▶ _Data below_:
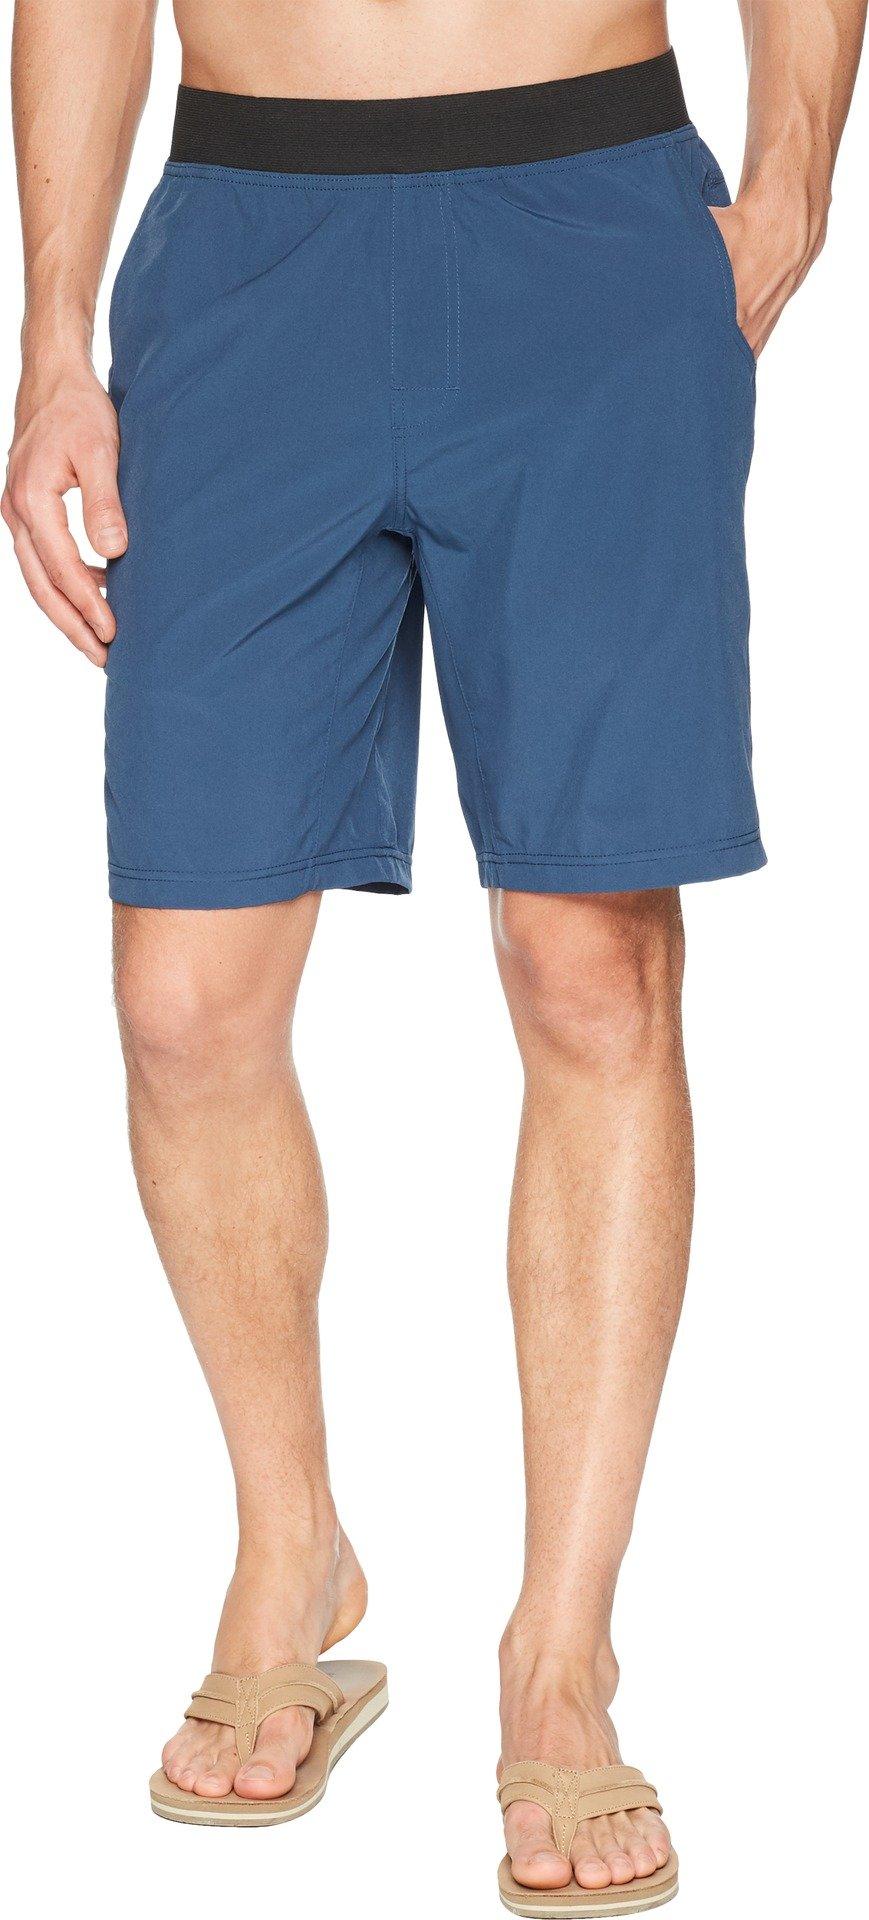 prAna Men's Super Mojo Shorts, XX-Large, Equinox Blue by prAna (Image #1)
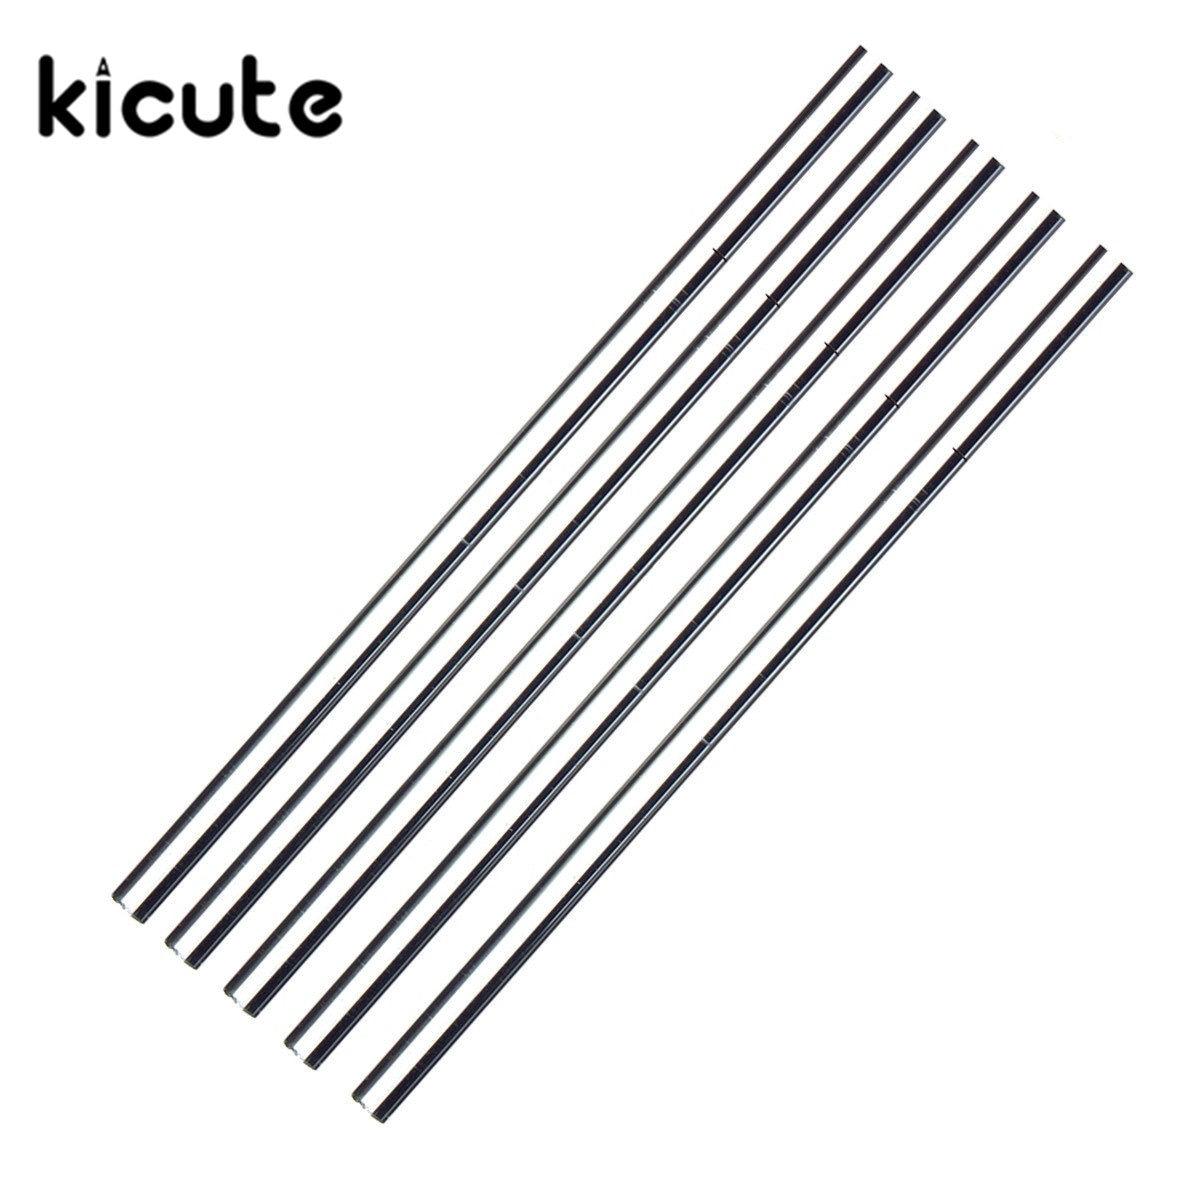 KiCute 5pcs/Set Glass Stirring Rod For Lab Use Stiring Stirrer Laboratory 150mmx5mm Transparent School Tools Glass Buret Mixer
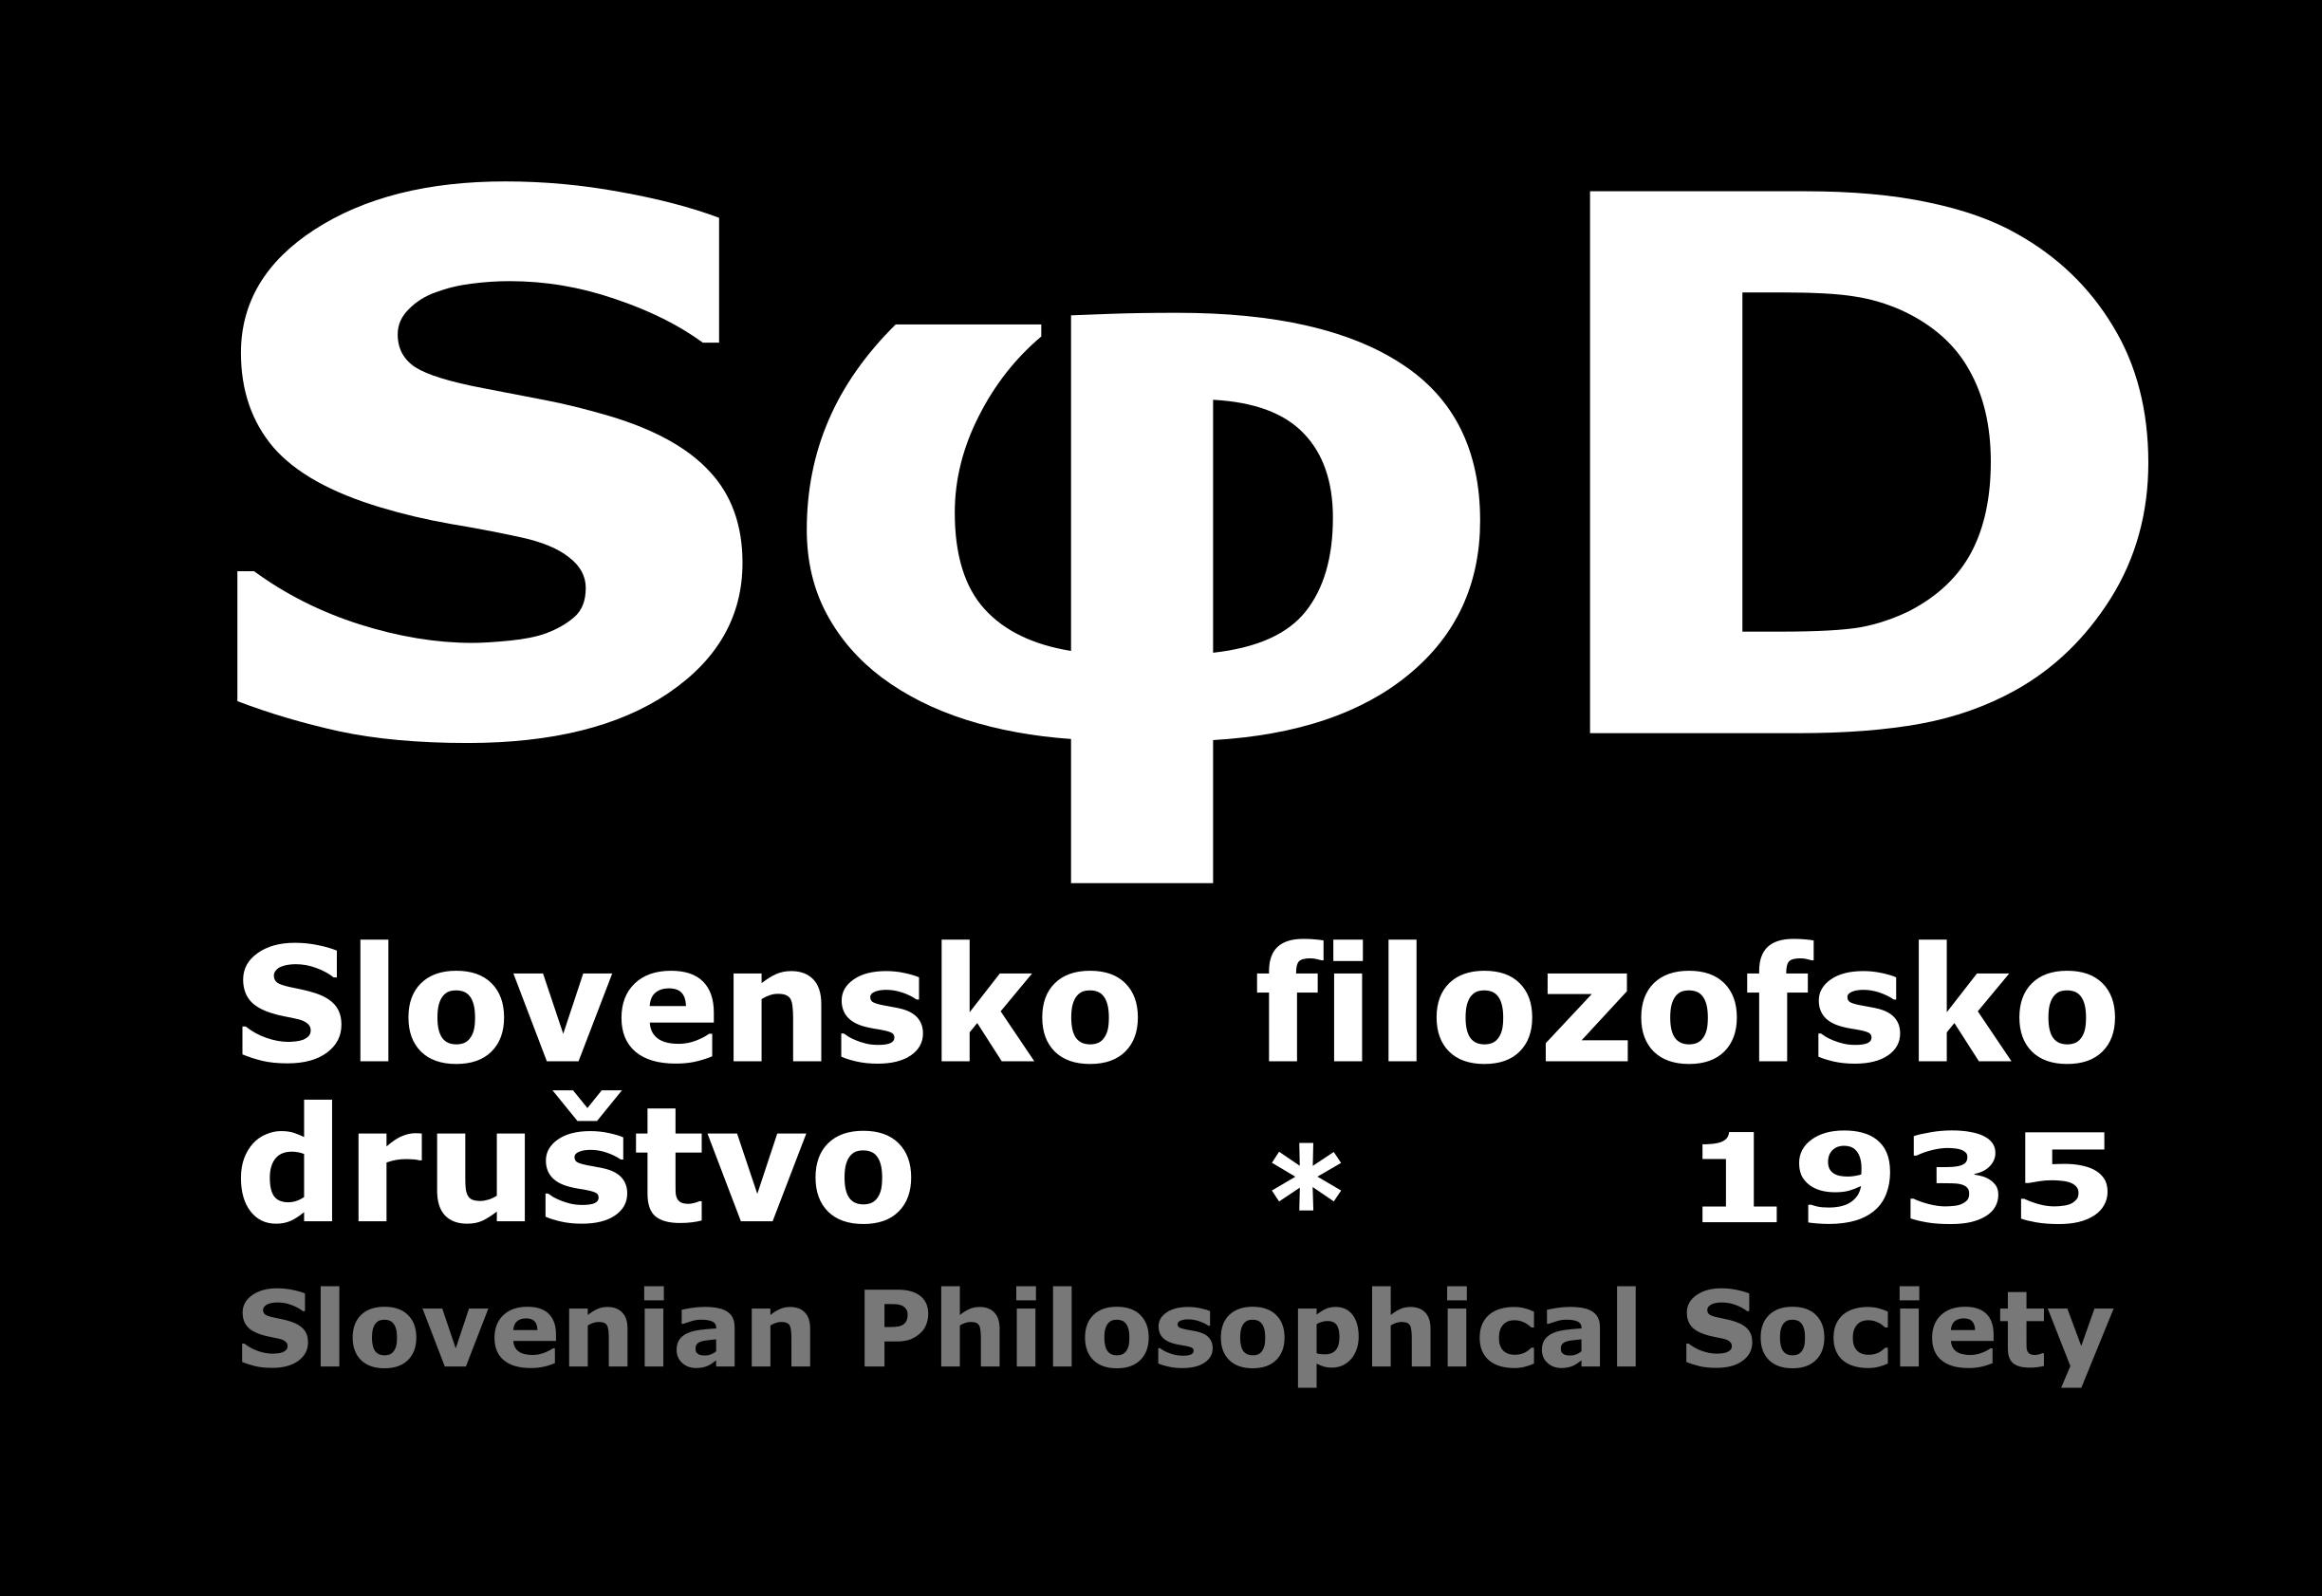 sfd_logo_crno-ozadje
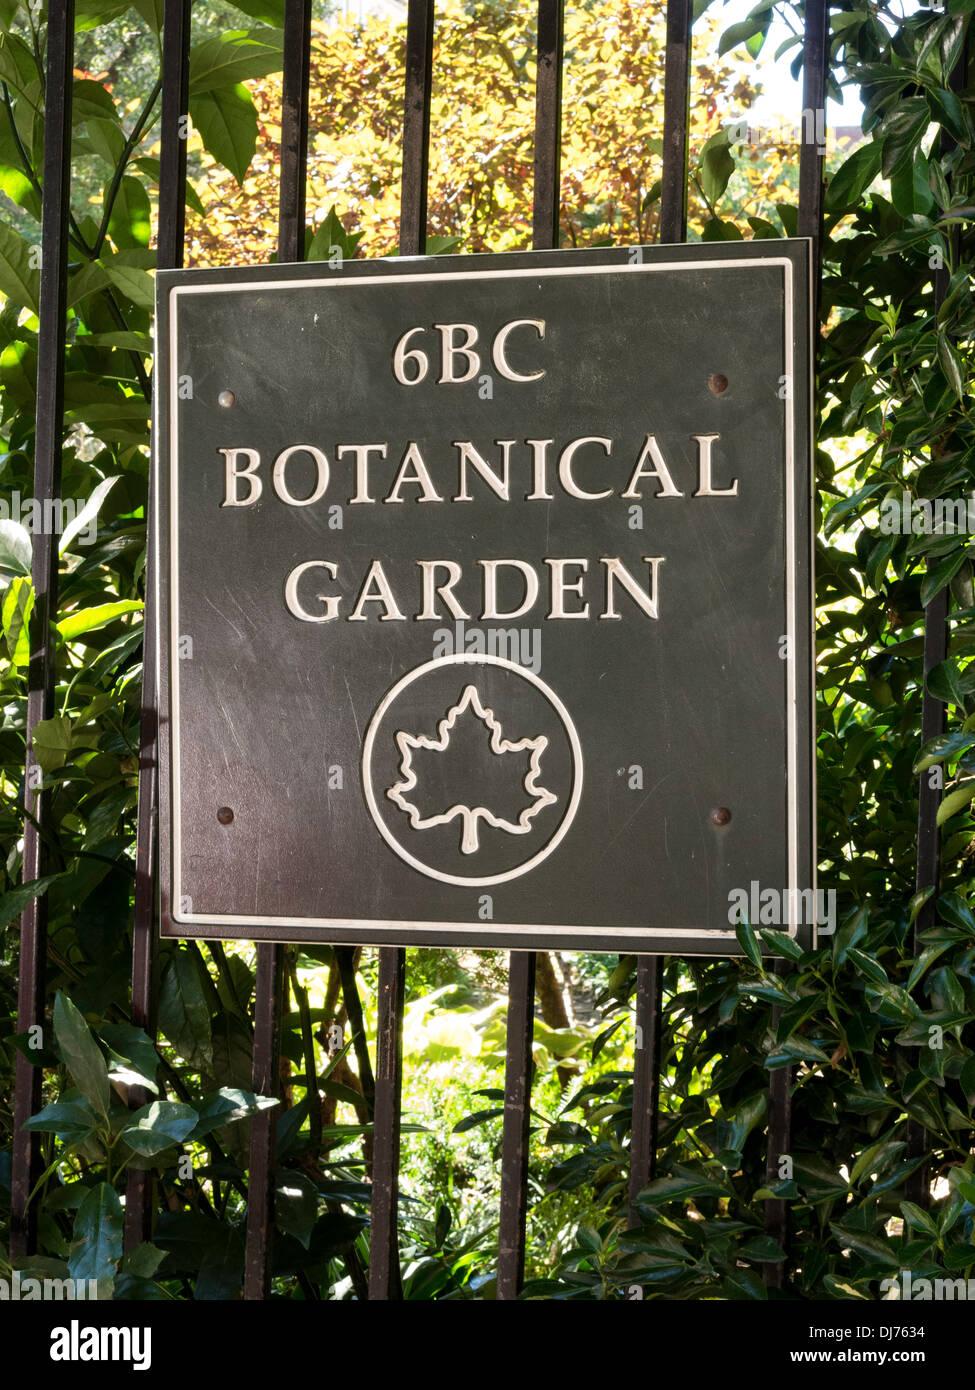 6BC Botanical Garden Sign, NYC Stock Photo: 62853368 - Alamy

▶ _Work to be completed_:
Beginning with the line that holds "KiCute 5pcs/Set Glass", write out exactly the lines down to the end of the material above, and no others. Pictures are not part of the copy.

▶ _Task solution_:
 KiCute 5pcs/Set Glass Stirring Rod For Lab Use Stiring Stirrer Laboratory 150mmx5mm Transparent School Tools Glass Buret Mixer
 sfd_logo_crno-ozadje
 6BC Botanical Garden Sign, NYC Stock Photo: 62853368 - Alamy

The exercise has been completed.